The conduct and supervision of elections, as we know, does cost the Governments a lot of money, whilst electioneering is a veritable drain on the precarious finances of political parties. The holding of Federal and Regional elections on the same day will surely result in huge savings for the Central Government as well as for political parties and individual candidates. The demands on the forces of law and order on polling days would be a once and for all quinquennial affair; and policemen in particular would be relieved of the nerve-racking regularity with which they have had to move, hitherto, from Region to Region on different polling days.

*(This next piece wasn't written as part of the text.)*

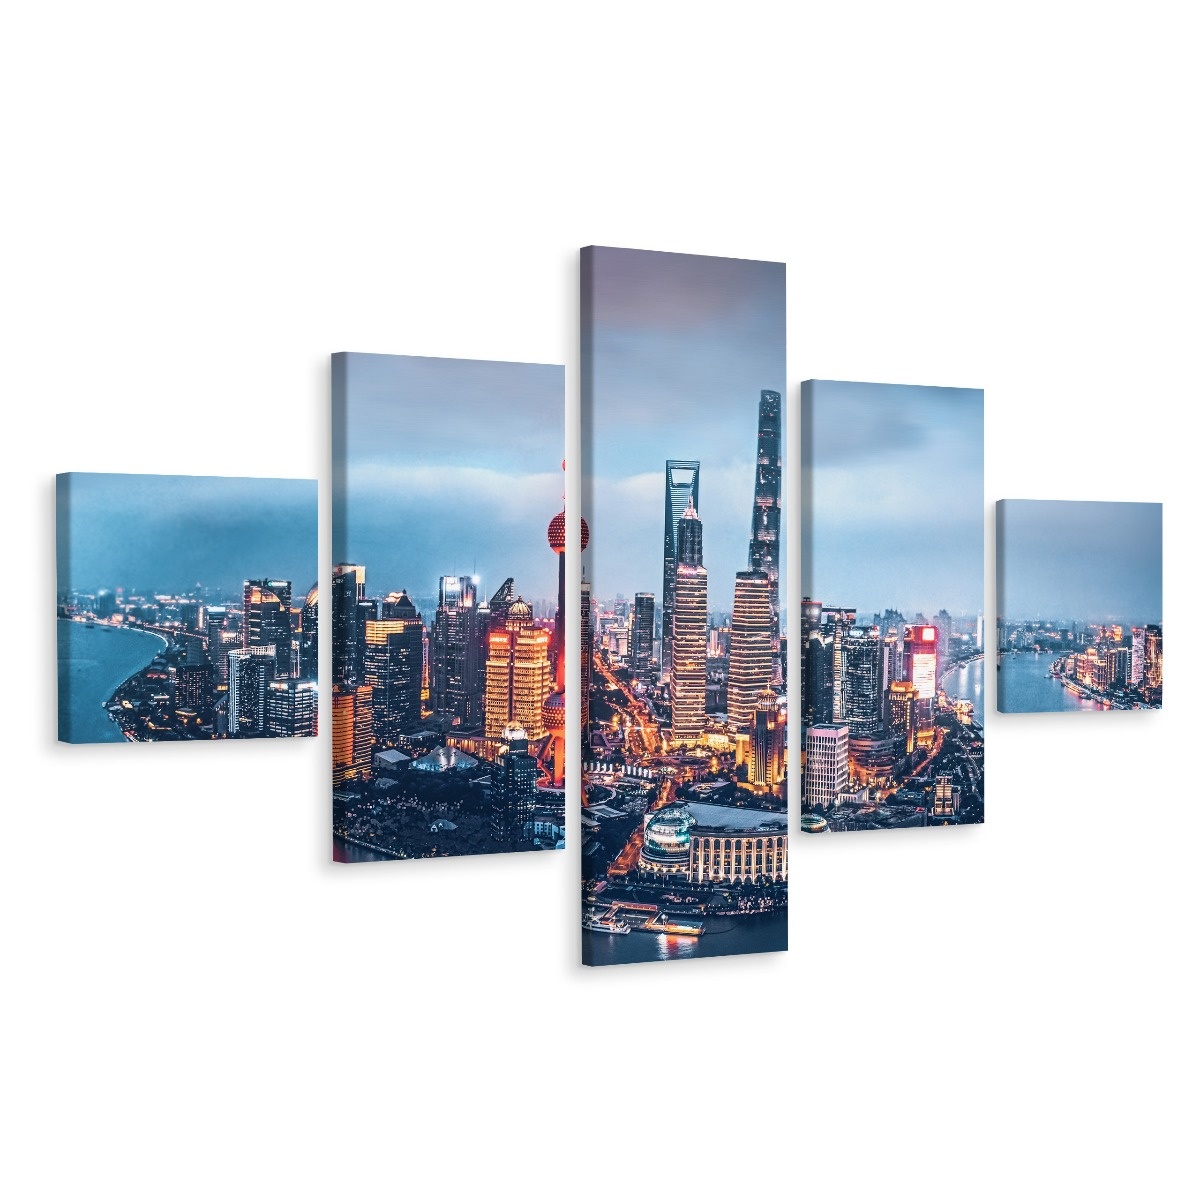 Schilderij - Shanghai panorama, 5 luik, Premium print
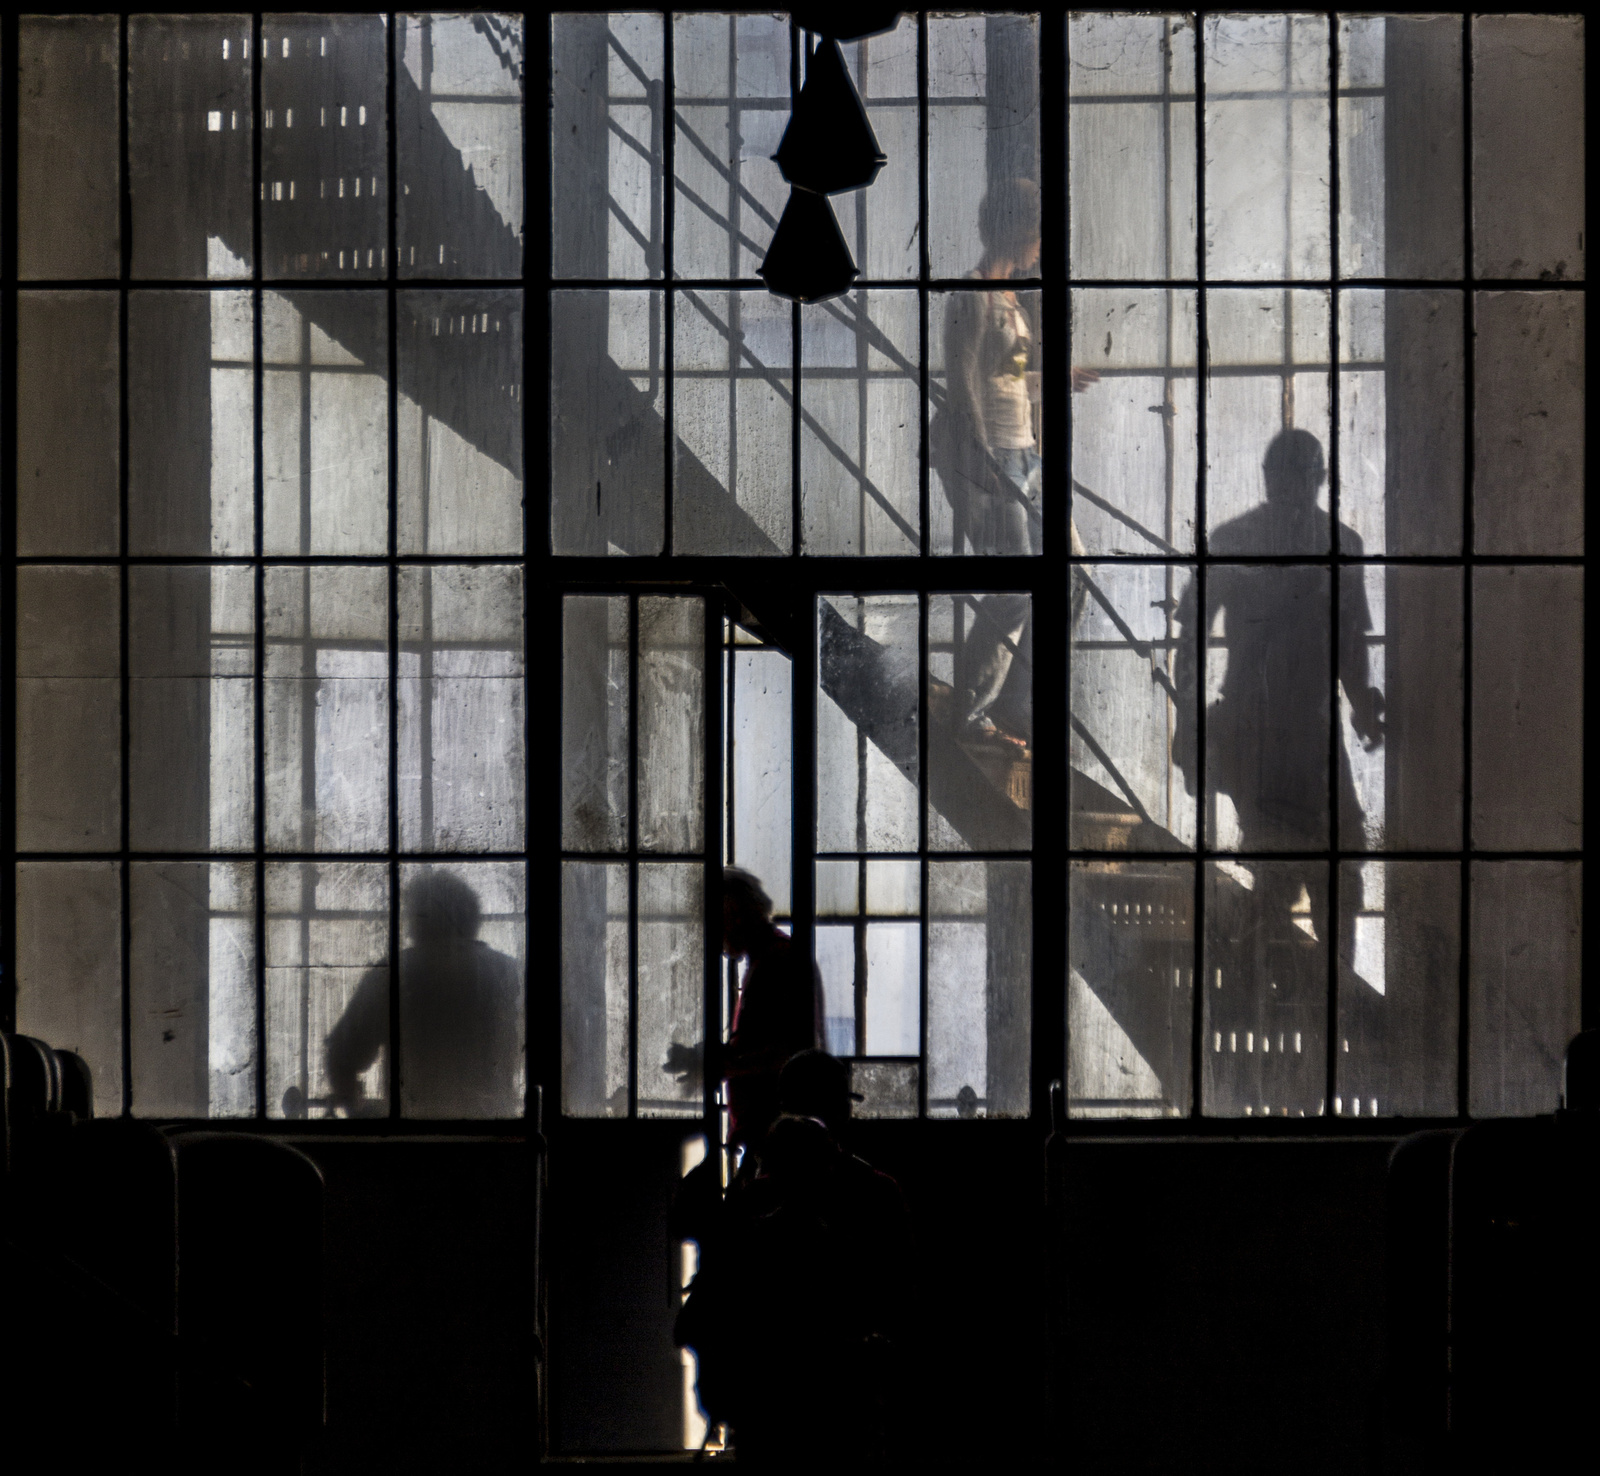 Árnyak a lépcsőházban, 2013, Konta Gábor, a fény és árnyék kettő

Electioneering itself would be broadly-based, as all those who matter in the politics of the Federation would have a personal stake in the outcome of the fight. From the point of view of a large number of candidates, this would be a boon. Under the old system, many candidates had to raise loans-at exorbitant rates of interest to fight what were more or less lone battles. But under the proposed arrangement, things would be made much easier for them. They would reap munificently from the electioneering campaigns of their Party leaders, particularly those of the leaders that are running for the Headships of Governments. They would thus be free from the crushing burdens of local Shylocks. And to the extent that they are saved from getting into the grinding shackles of moneylenders, even to that extent would dishonest practices among parliamentarians be reduced. For it is the frantic effort to lighten his financial burden that has led many a parliamentarian to the path of dishonour.
A good deal has been said and written about the pattern which the structure of our Legislatures should follow. That is to say, whether they should be uni-cameral or bi-cameral.
There are two well-known justifications for the existence of a Second Chamber. The first, which is common both to a Unitary and a Federal Constitution, is that it gives the country’s lawmakers an opportunity for second thoughts which, on major issues, are very necessary and useful. The second, which applies only to a Federal Constitution, is that it helps to correct inter-state disparity in membership which automatically exists in the Lower House where representation is on the basis of population. In the Upper House, representation is usually the same for every constituent State, large or small. Now, let us see how the Legislature of a constituent State, and that of the composite State, fare in the light of these justifications.